Exact transcription, pictures omitted: reproduce the listing below.

— GIVEN MATERIAL —
··········
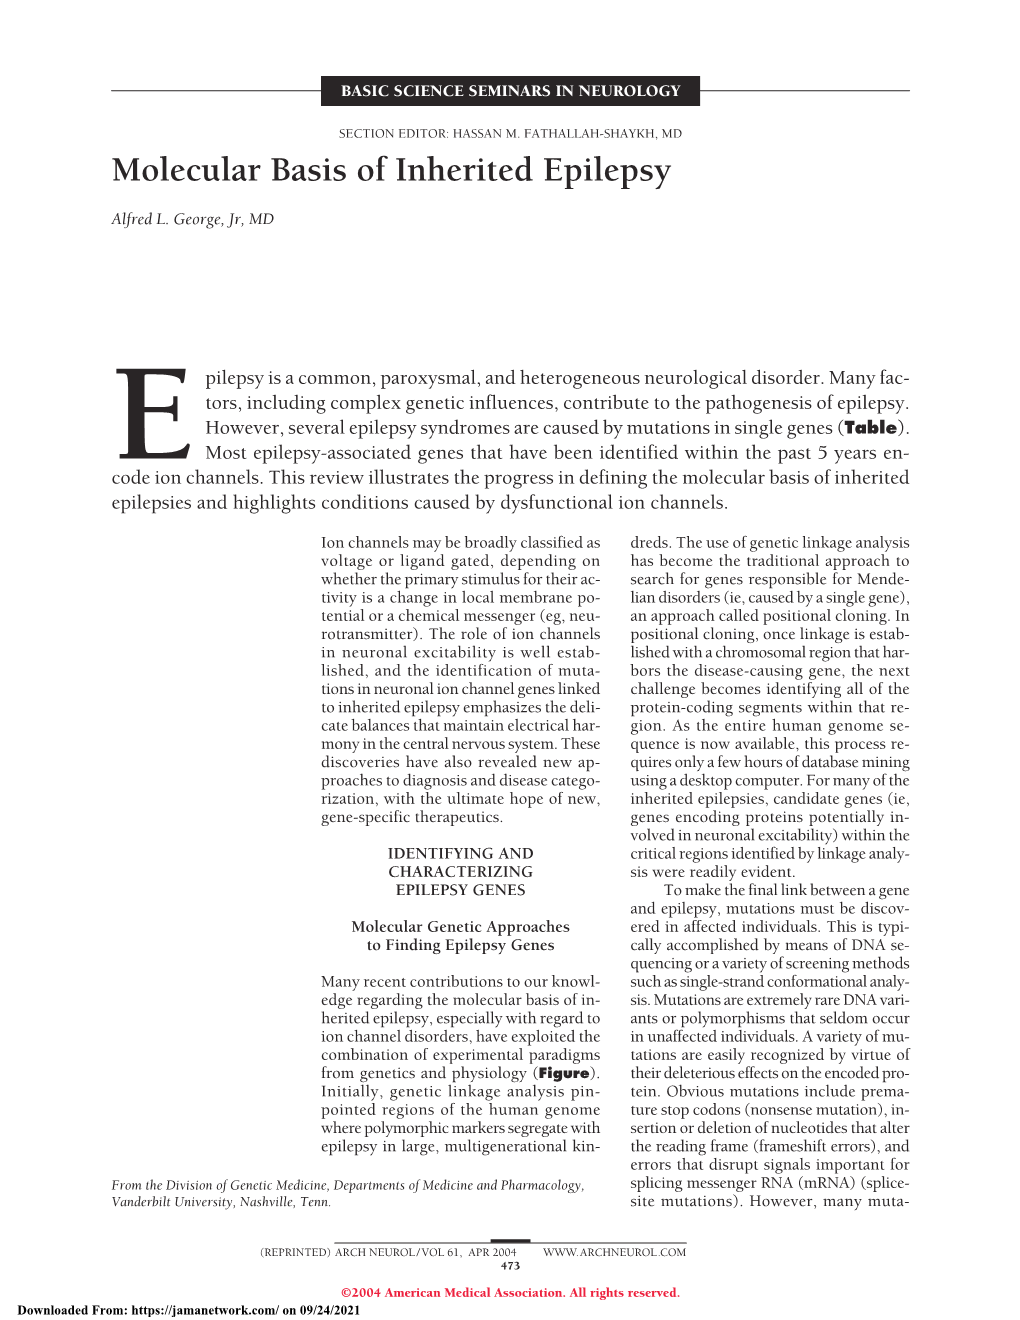 Molecular Basis of Inherited Epilepsy
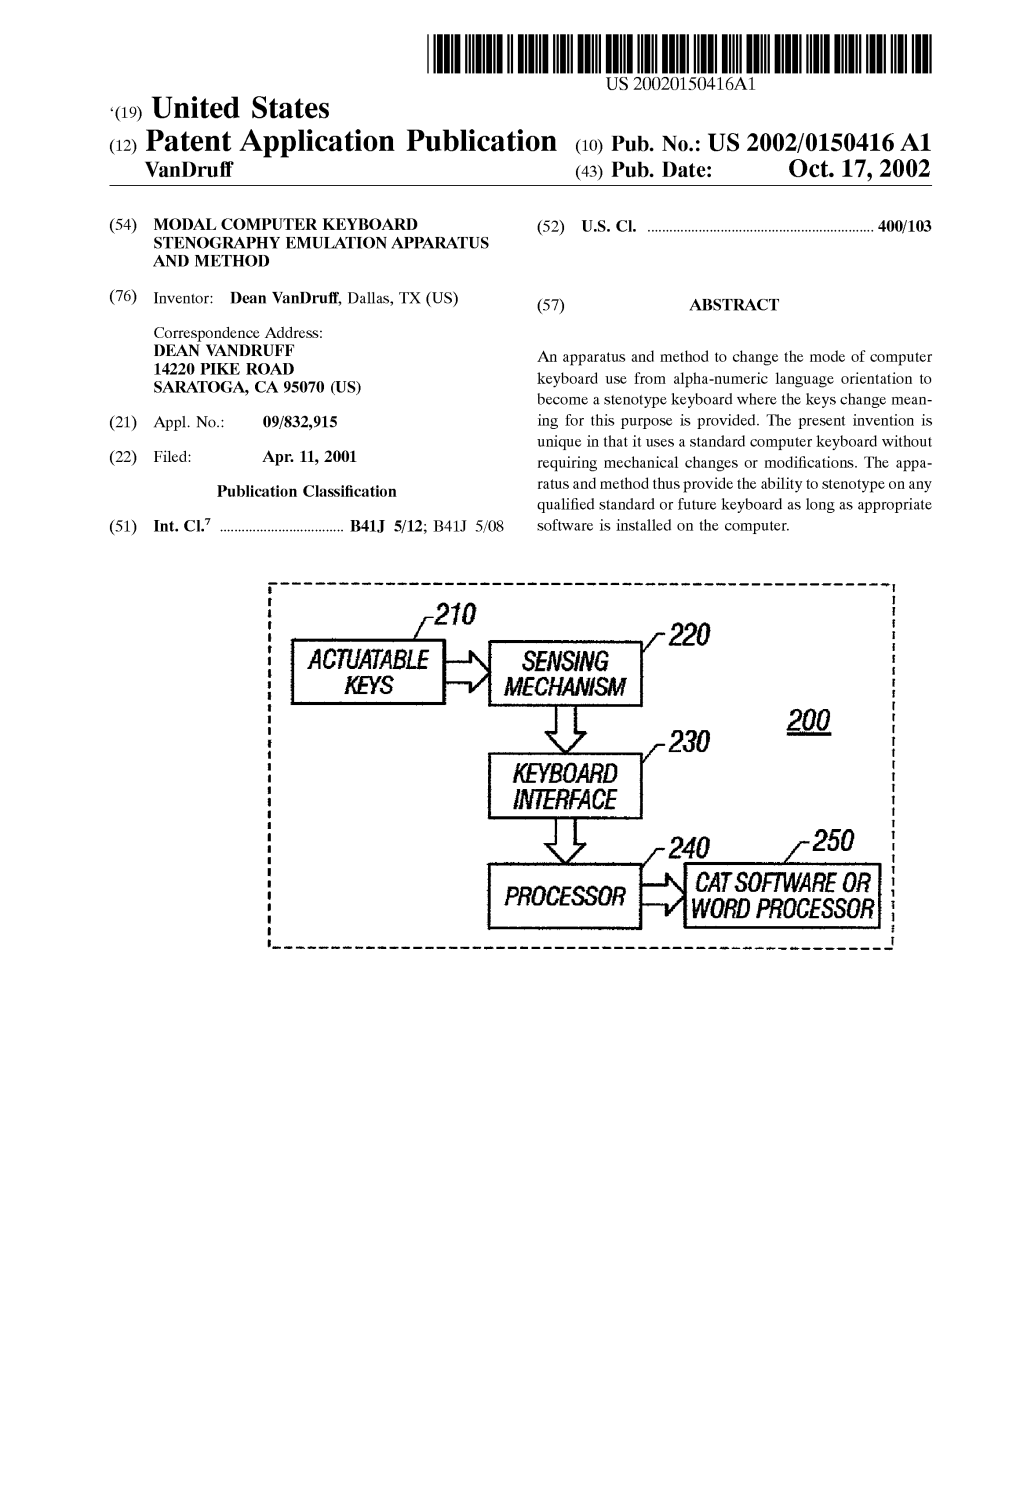 (12) Patent Application Publication (10) Pub. No.: US 2002/0150416A1 Vandruff (43) Pub
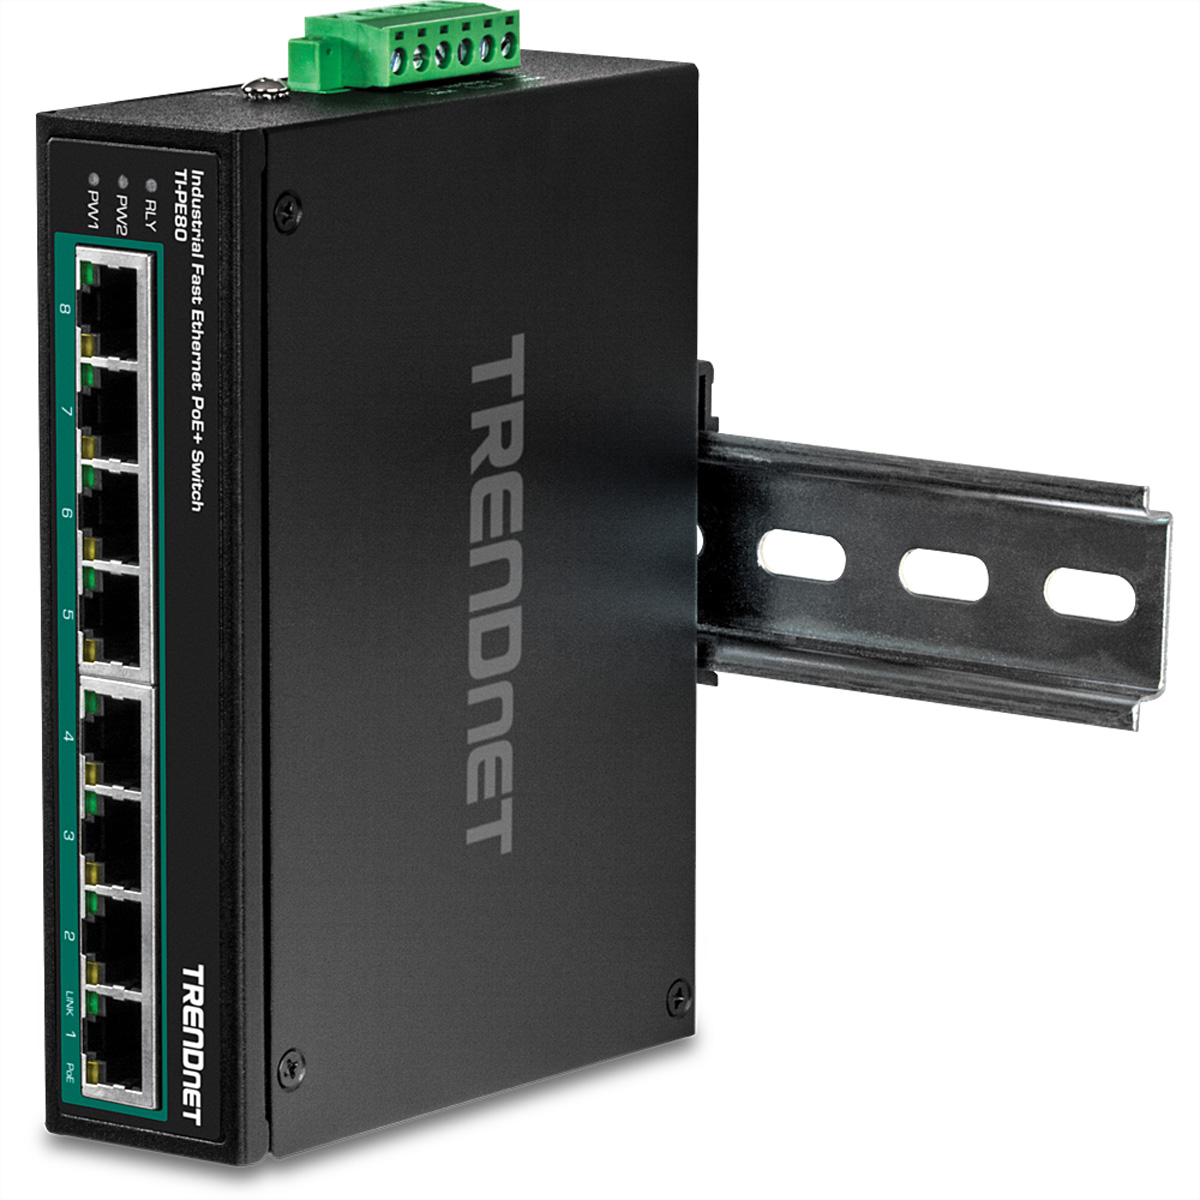 TRENDnet TI-PE80 Industrial Fast Ethernet PoE+ DIN-Rail Switch 8-Port
··········
— THE ANSWER —
 Molecular Basis of Inherited Epilepsy
 (12) Patent Application Publication (10) Pub. No.: US 2002/0150416A1 Vandruff (43) Pub
 TRENDnet TI-PE80 Industrial Fast Ethernet PoE+ DIN-Rail Switch 8-Port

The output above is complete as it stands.